Combine the gin, dry vermouth and a little ice together in a cocktail shaker. Strain into a chilled martini glass. Serve with an olive on a cocktail stick or a twist of lemon peel.

Gin-Gin Mule

  • 50ml Bullards London Dry Gin
  • 25ml Ginger Ale*
  • 1 1/2 Tbsp Sugar Syrup
  • 25ml Fresh Lime Juice
  • Fresh Mint

Using a muddler and cocktail shaker, muddle the sugar syrup, lime juice and fresh mint. Add the gin, ginger beer, ice and shake well.

Strain into a high-ball glass over fresh ice. Garnish with fresh mint.

*Homemade ginger ale won’t be fizzy, perfect for shaking. If you’re using bubbly ginger ale, hold this back and use to top up the glass once the cocktail has been poured.

Negroni

  • 25ml London Dry Gin
  • 25ml Campari
  • 25ml Sweet vermouth
  • 2 Dashes of Angostura bitters

Pour the gin, vermouth, Campari and bitters into a mixing glass or jug with ice. Stir well until the outside of the glass feels cold.

Strain into a tumbler and add some fresh ice. Garnish with an orange slice, using a blood orange when in season.

Red Snapper

  • 50ml Bullards London Dry Gin
  • Tabasco Sauce (add to taste)
  • Worcester Sauce
  • Celery Salt
  • Ground Black Pepper
  • 200ml Tomato Juice

Pour the celery salt and pepper onto a small plate. Rub the juicy side of a lime wedge along the lip of a pint glass. Rim the glass with the salt and pepper mixture and fill the glass with ice.

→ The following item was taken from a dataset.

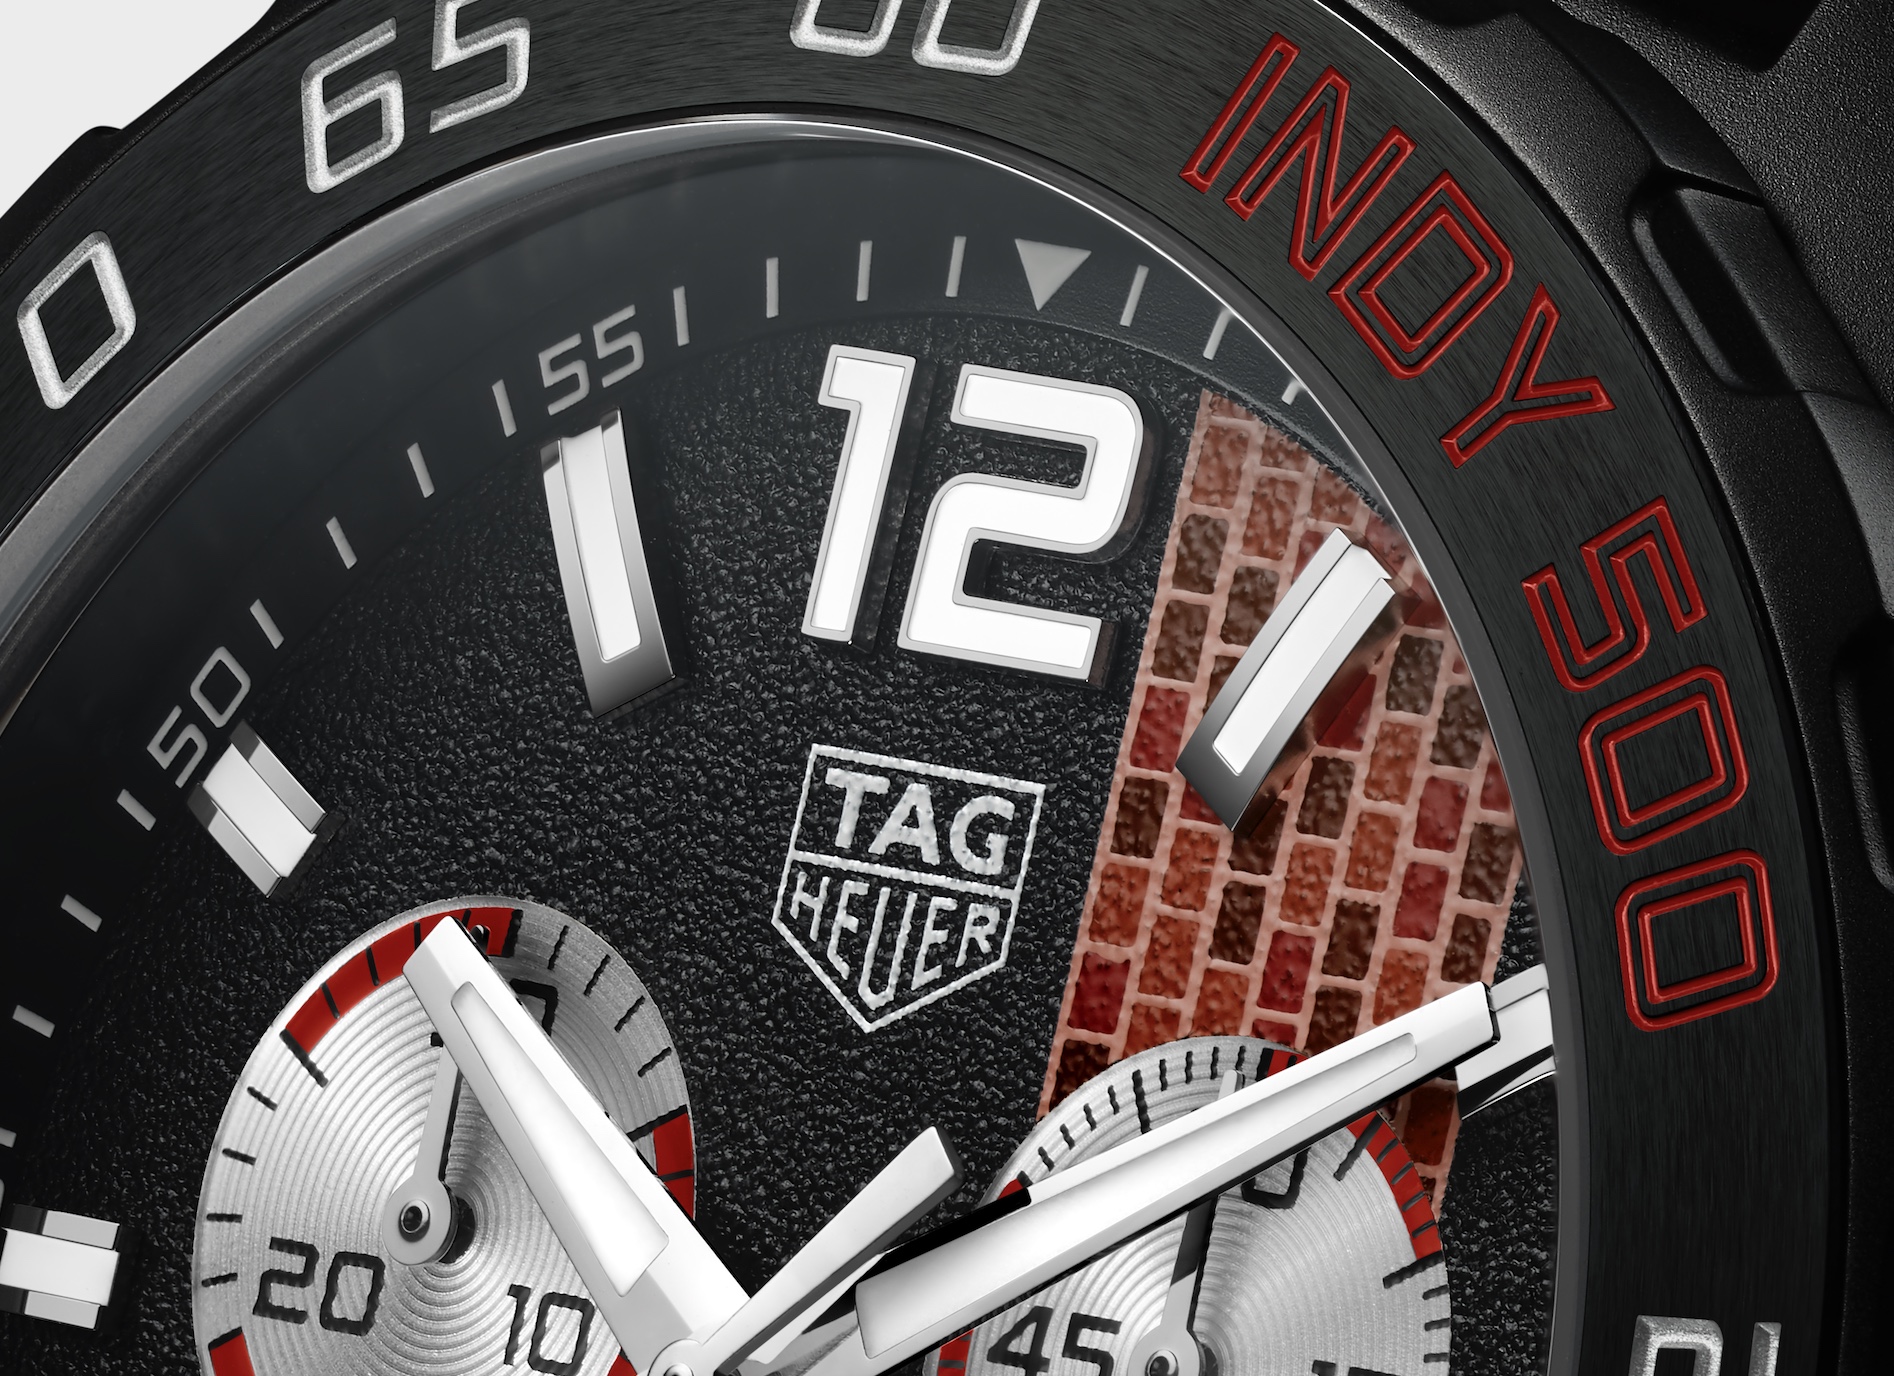 aria-label="TAG Heuer Indy Detail 1"

Add the gin, tomato juice, Tabasco and Worcestershire sauce into a shaker with ice, and shake until well-chilled.

Strain into the prepared glass, and garnish with a celery stalk and lime wedge.

Bebbo

  • 50ml Bullards London Dry Gin
  • 25ml Fresh Lemon Juice
  • 2 Tsp Fresh Blood Orange Juice
  • 2 Tsp Honey
  • Lemon Peel

Add all ingredients into a cocktail shaker with ice and shake until well-chilled. Finely strain into a chilled coupe glass.

Garnish with a twisted lemon peel.

Gin Rickey

  • 50ml Bullards London Dry Gin
  • 15ml Freshly Squeezed Lime Juice
  • 10ml Sugar Syrup
  • 15ml Sparkling Water
  • Lime Wedges

Fill a tall glass with ice, add the lime wedges and stir. Add the gin, lime juice and syrup into a shaker. Shake well over ice and strain into the glass. Top with sparkling water.

Holiday Negroni

Serves 8

  • 250ml Bullards London Dry Gin
  • 250ml Campari
  • 250ml Sweet Vermouth
  • 2 Cinnamon Sticks
  • 2 Star Anise Pods
  • 5 Whole Cloves
  • 8 Charred Orange Slices

Toast cinnamon sticks, star anise and whole cloves until fragrant, then transfer into a large jug. Add London Dry Gin, Campari and Sweet Vermouth and leave to infuse for at least 4 hours (max 24 hours).

Fill 8 short glasses with ice and add the charred orange slices. Strain over the Holiday Negroni blend and serve.

Jubilee Ginboree

  • 50ml Bullards London Dry Gin
  • 10ml Freshly Squeezed Lemon Juice
  • 1 Tsp Strawberry Jam
  • 25ml Martini Rosato
  • Prosecco
  • Strawberries
  • Ice

In a cocktail shaker, combine the gin, lemon juice, Martini Rosato and strawberry jam. Add ice and shake until chilled and well combined. Add ice to a rocks glass, then strain from the shaker. Top with prosecco, and garnish with fresh strawberries.